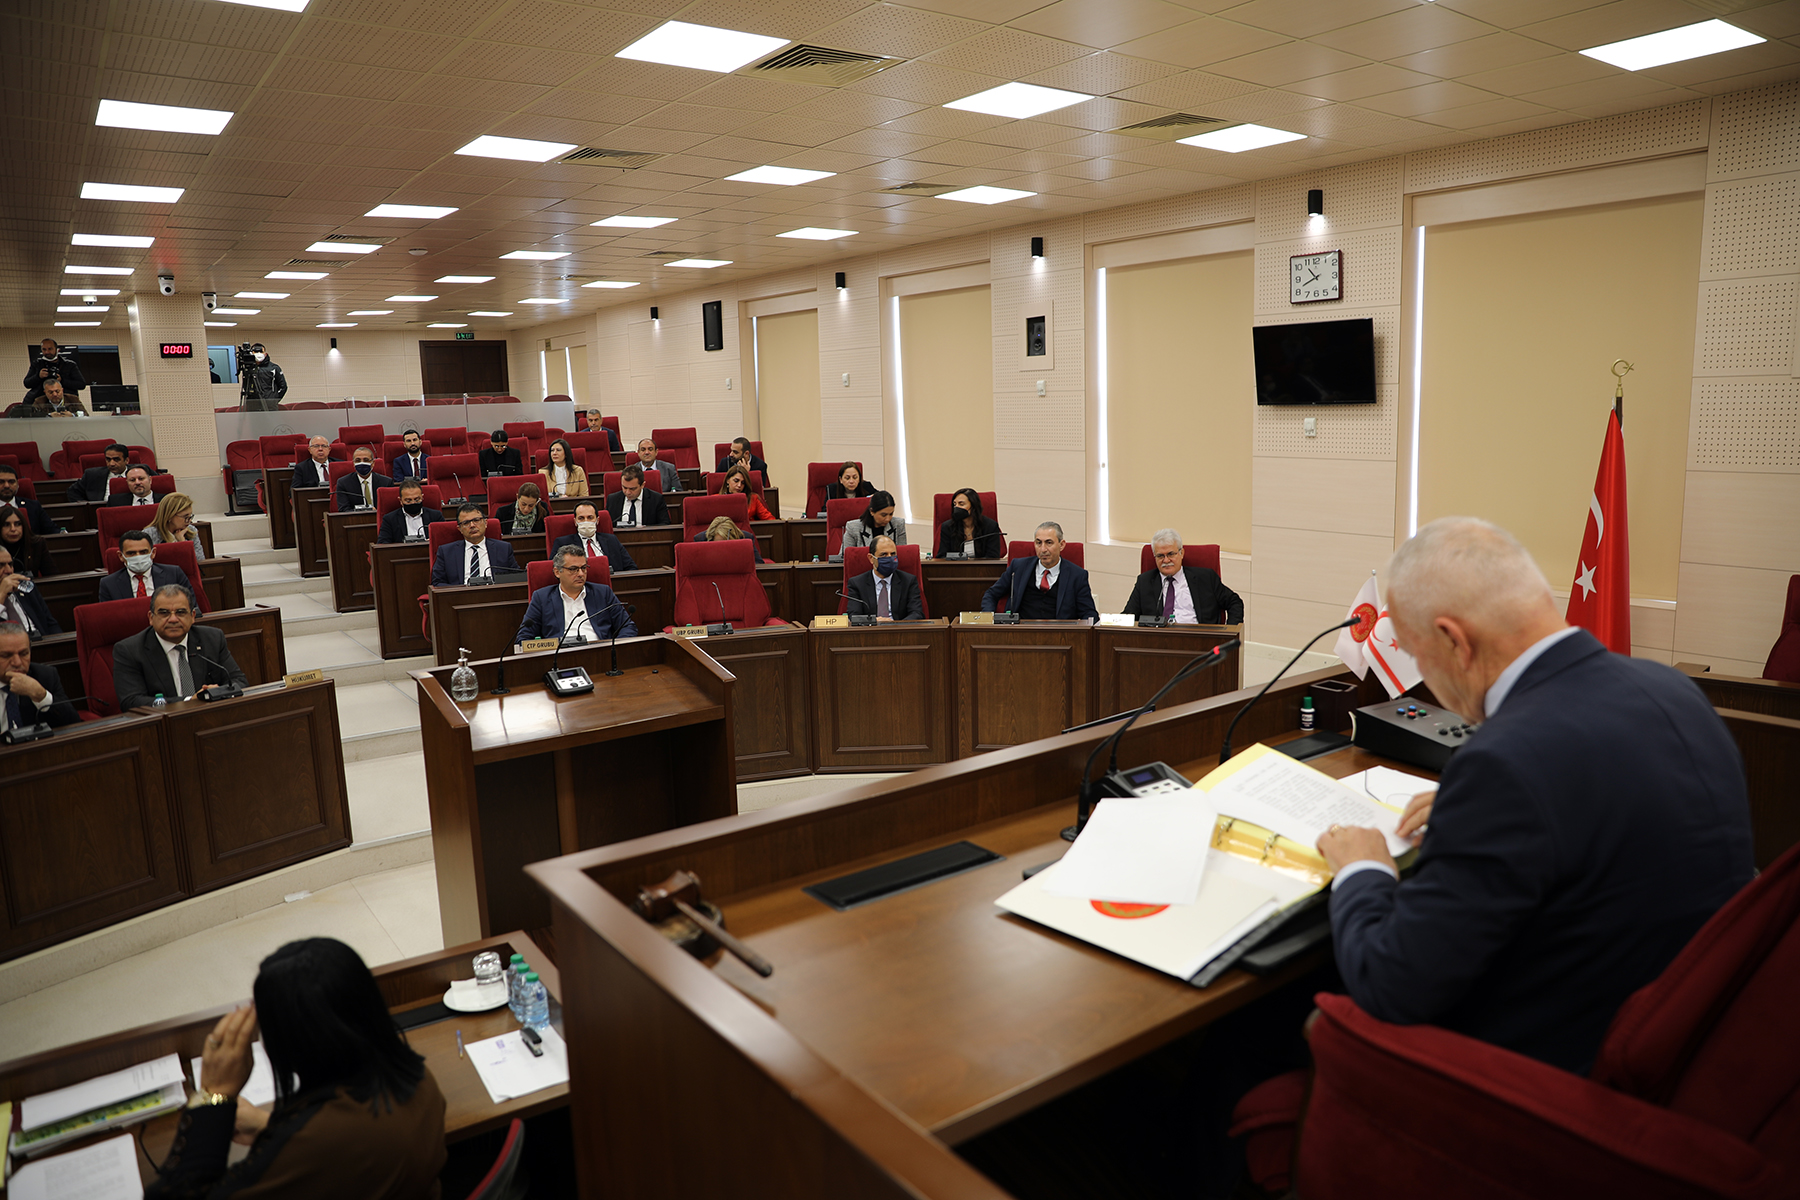 “Belediyelerin Birleştirilmesine İlişkin (Özel) Yasa Tasarısı” Meclis Genel Kurulunda oy çokluğu ile kabul edildi
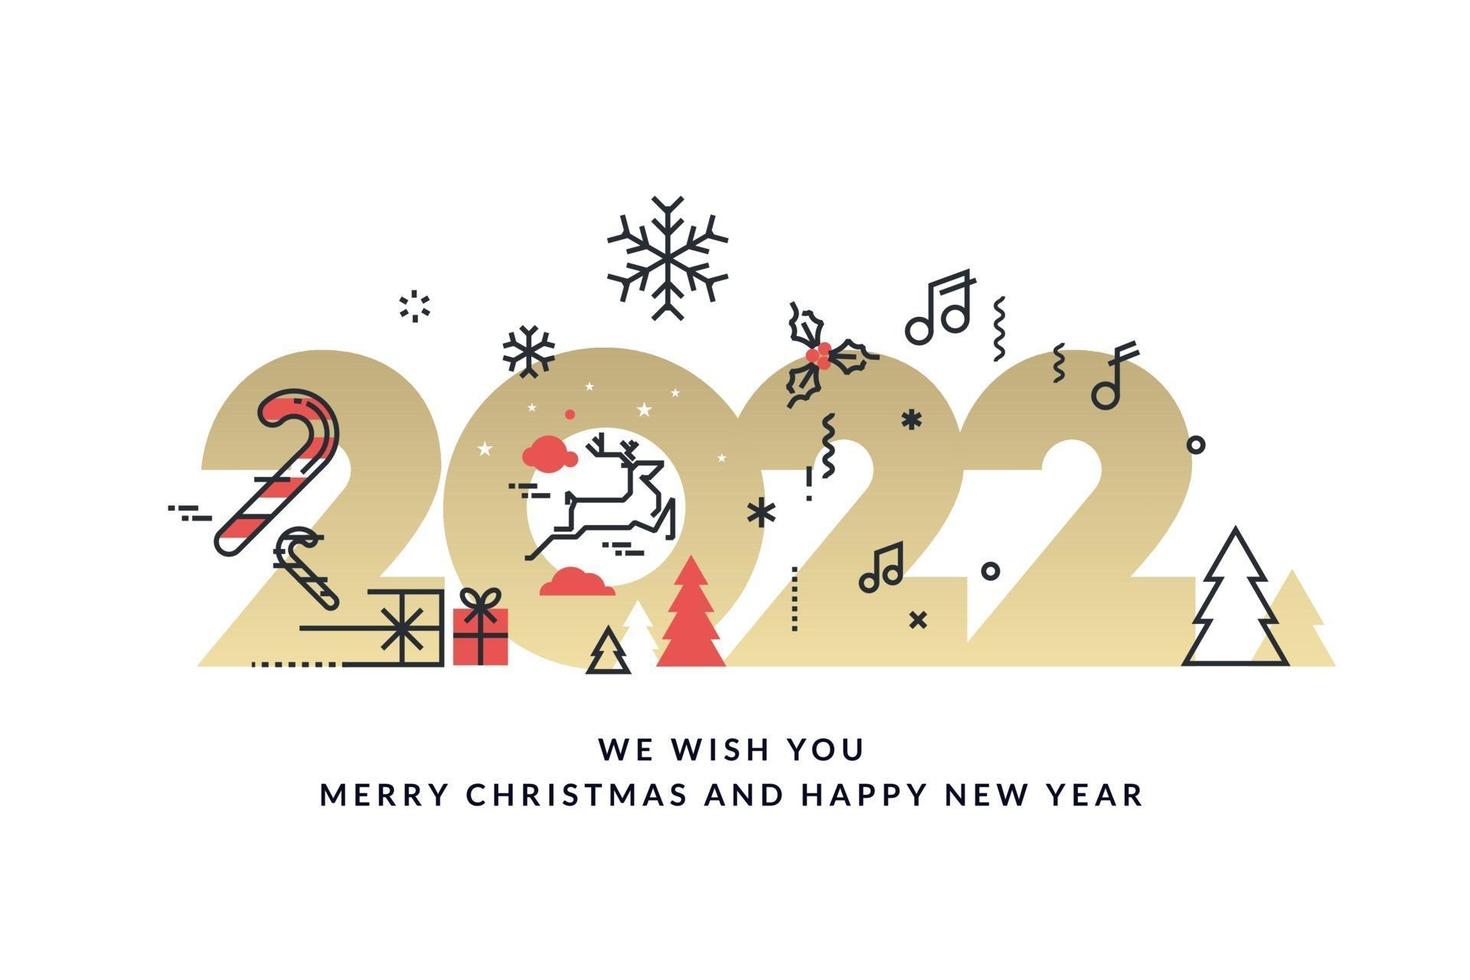 Thiệp chúc mừng giáng sinh và năm mới 2022
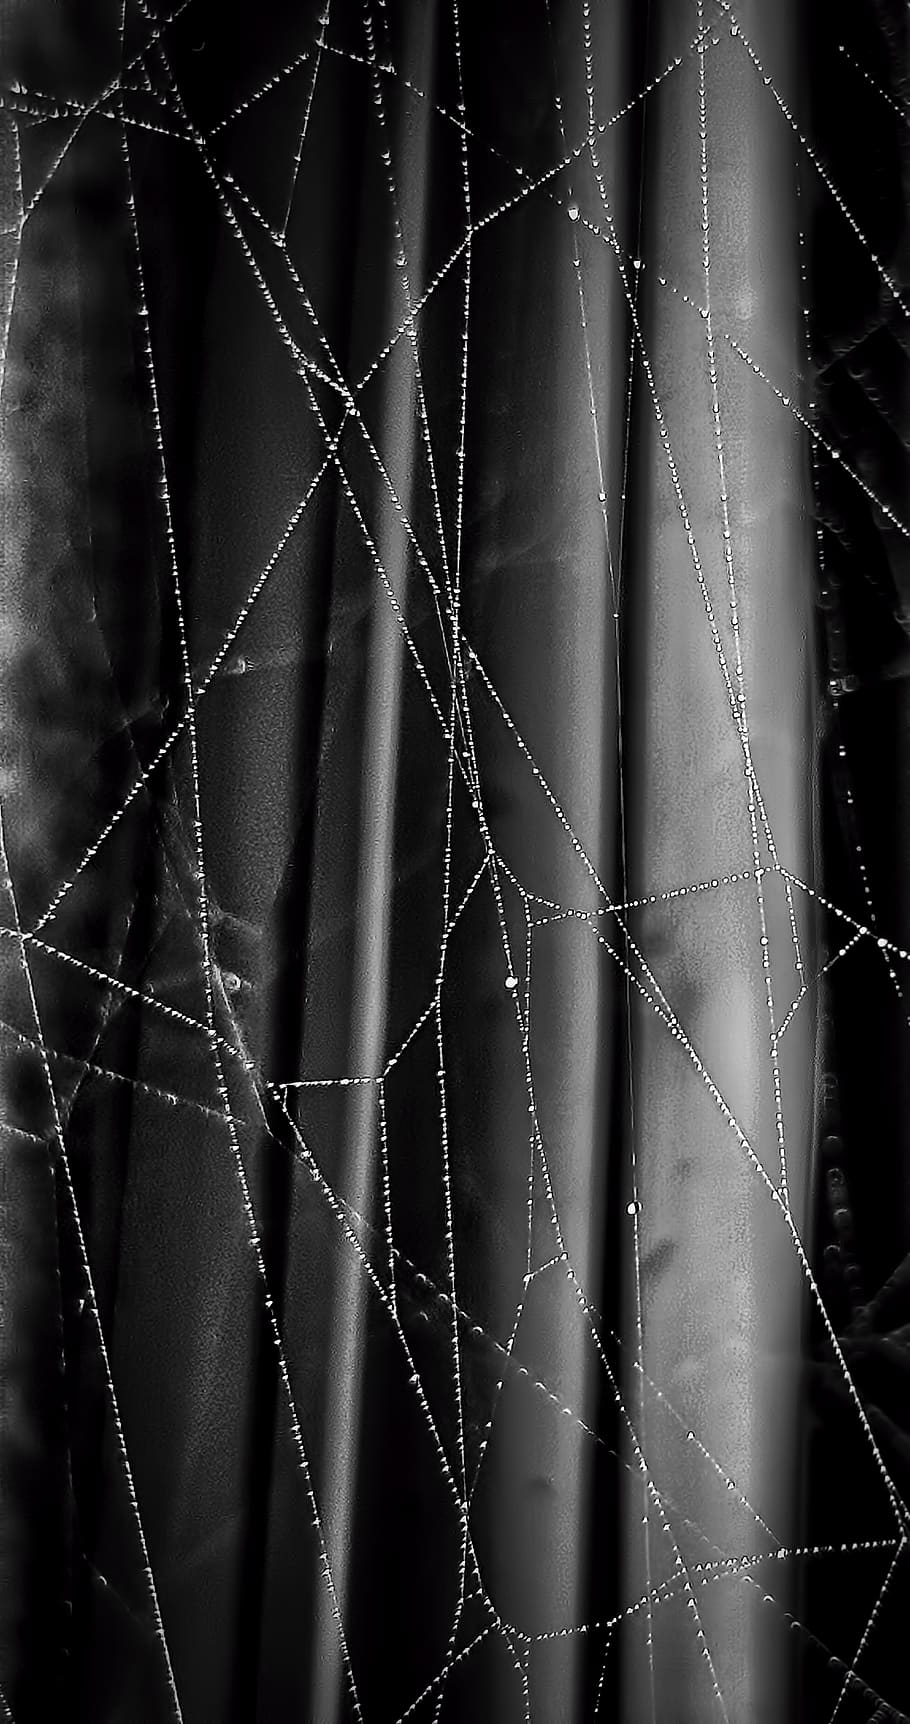 Spider web wallpaper on transparent background PNG - Similar PNG
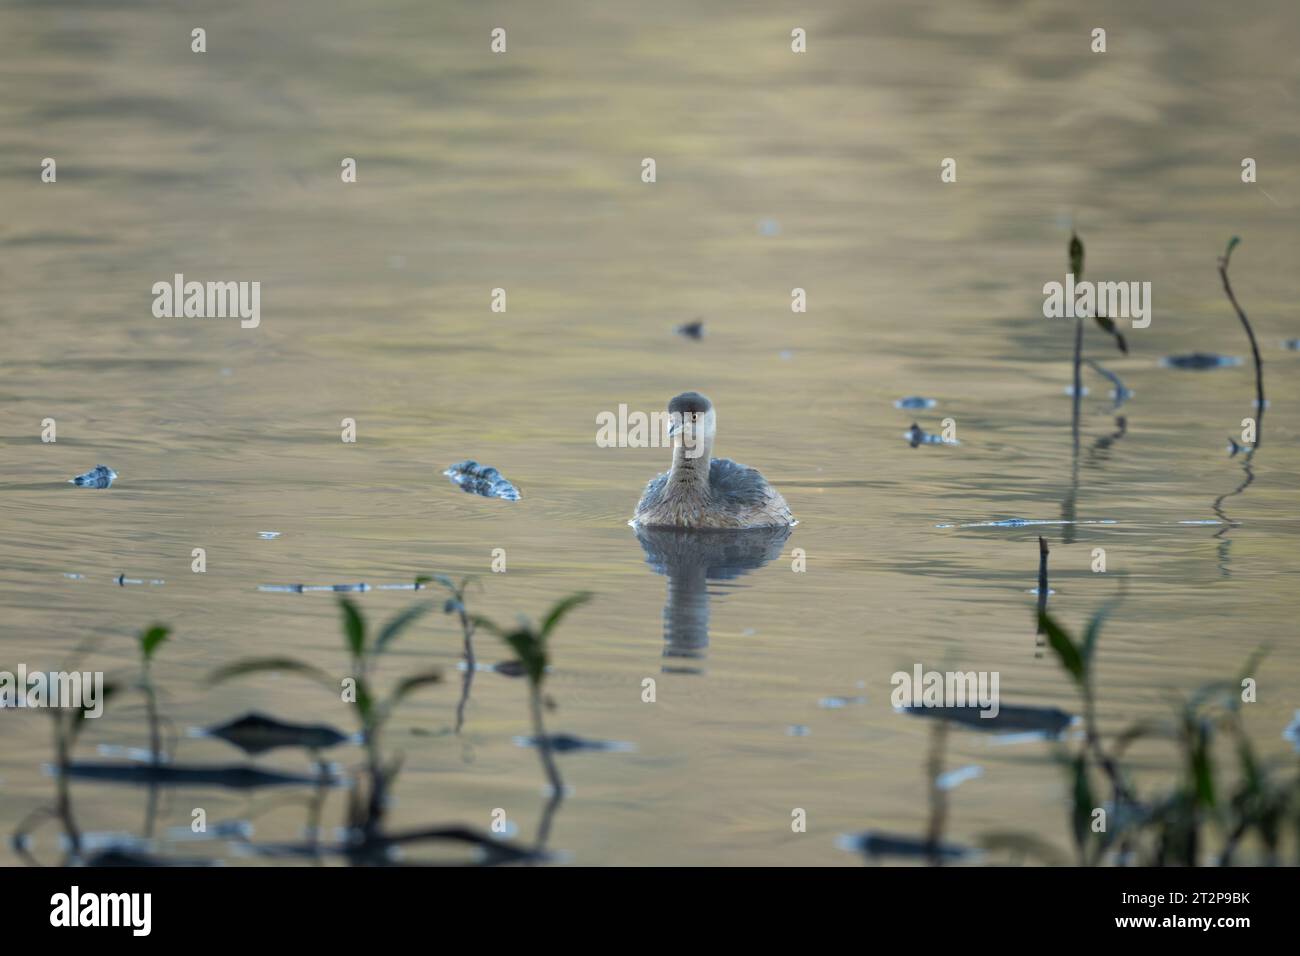 Ein australasischer Grebe schwimmt vorwärts zwischen der Vegetation am Ufer des Hasties Swamp in den Nyleta Wetlands in Atherton, Auistralia. Stockfoto

• _REQUIRED ACTION_
Please output the listing above exactly from its first line through the line with "Spider web wallpaper", both included, and nothing beyond that line. Omit pictures.

• _OUTPUT OF THE TASK_
 “Belediyelerin Birleştirilmesine İlişkin (Özel) Yasa Tasarısı” Meclis Genel Kurulunda oy çokluğu ile kabul edildi
 Thiệp chúc mừng giáng sinh và năm mới 2022
 Spider web wallpaper on transparent background PNG - Similar PNG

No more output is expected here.